EXERCISE PROMPT:
Transcribe the stretch of entries below from the line with "Woman removing dirt" through the line with "A selection of", exactly and with both ends included; leave out all other lines.

DATA EXTRACTS:
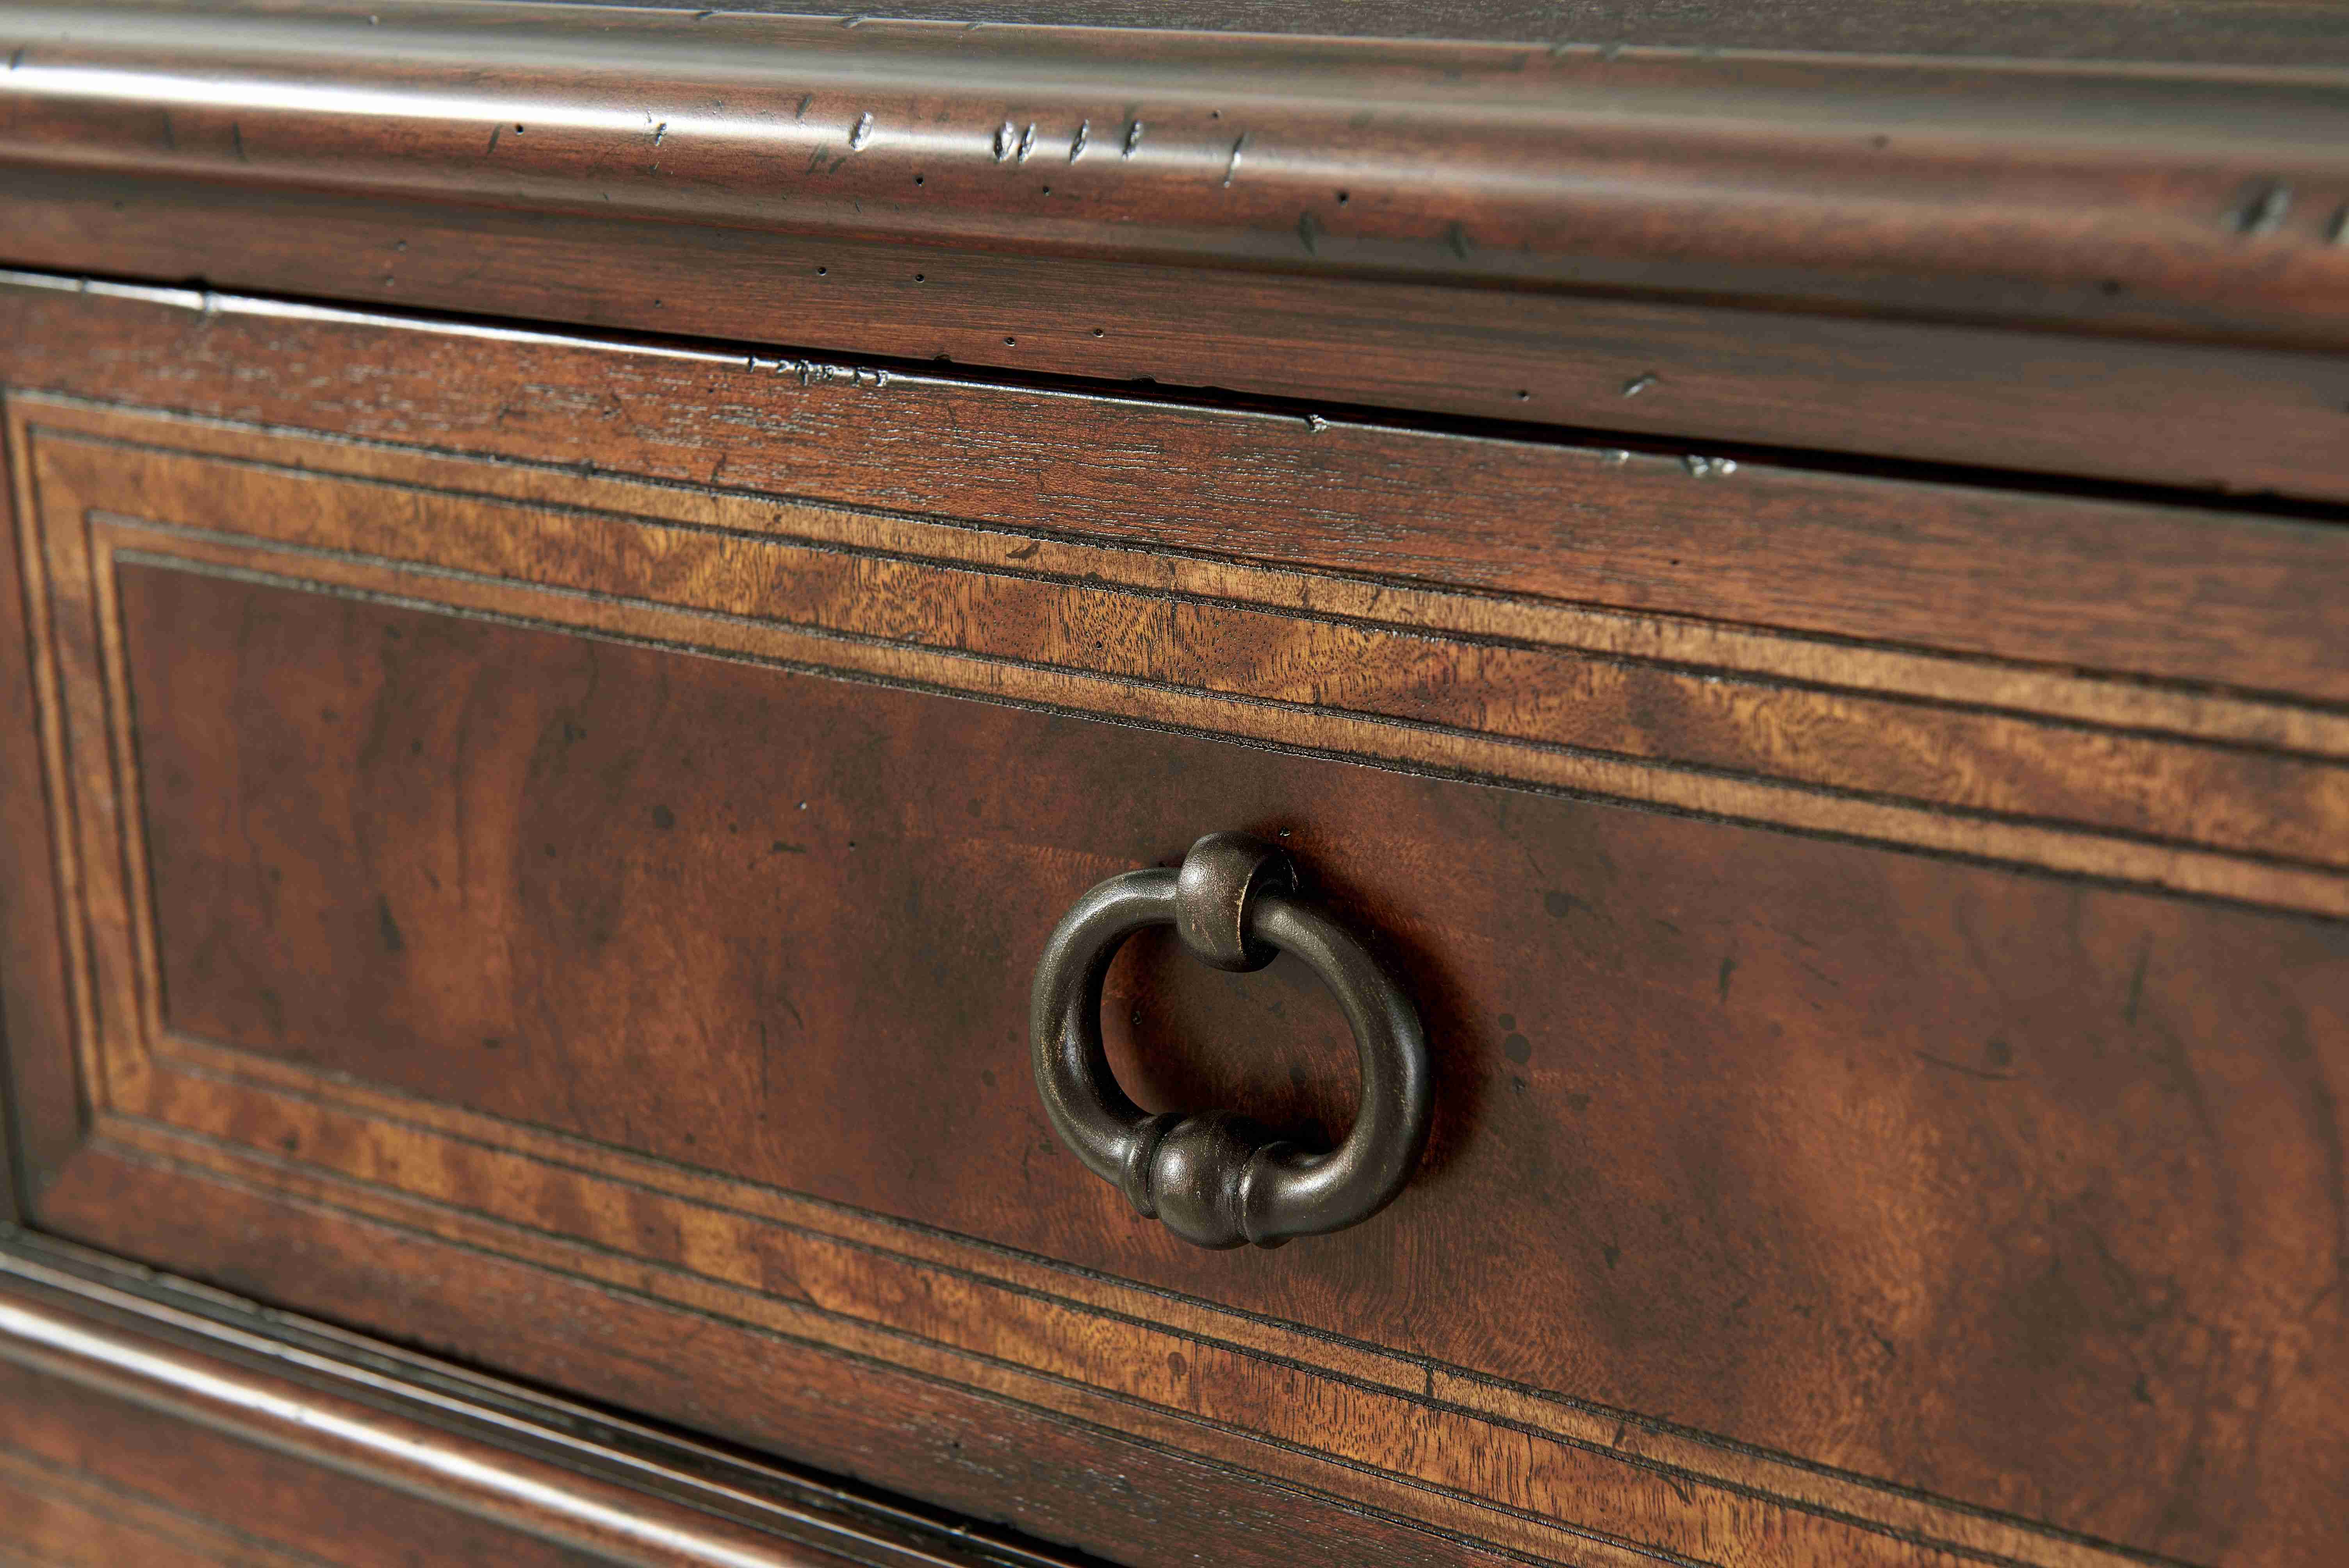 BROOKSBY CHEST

* * *

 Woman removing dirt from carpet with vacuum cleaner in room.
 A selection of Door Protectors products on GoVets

OUTPUT FOR THIS TASK:
 Woman removing dirt from carpet with vacuum cleaner in room.
 A selection of Door Protectors products on GoVets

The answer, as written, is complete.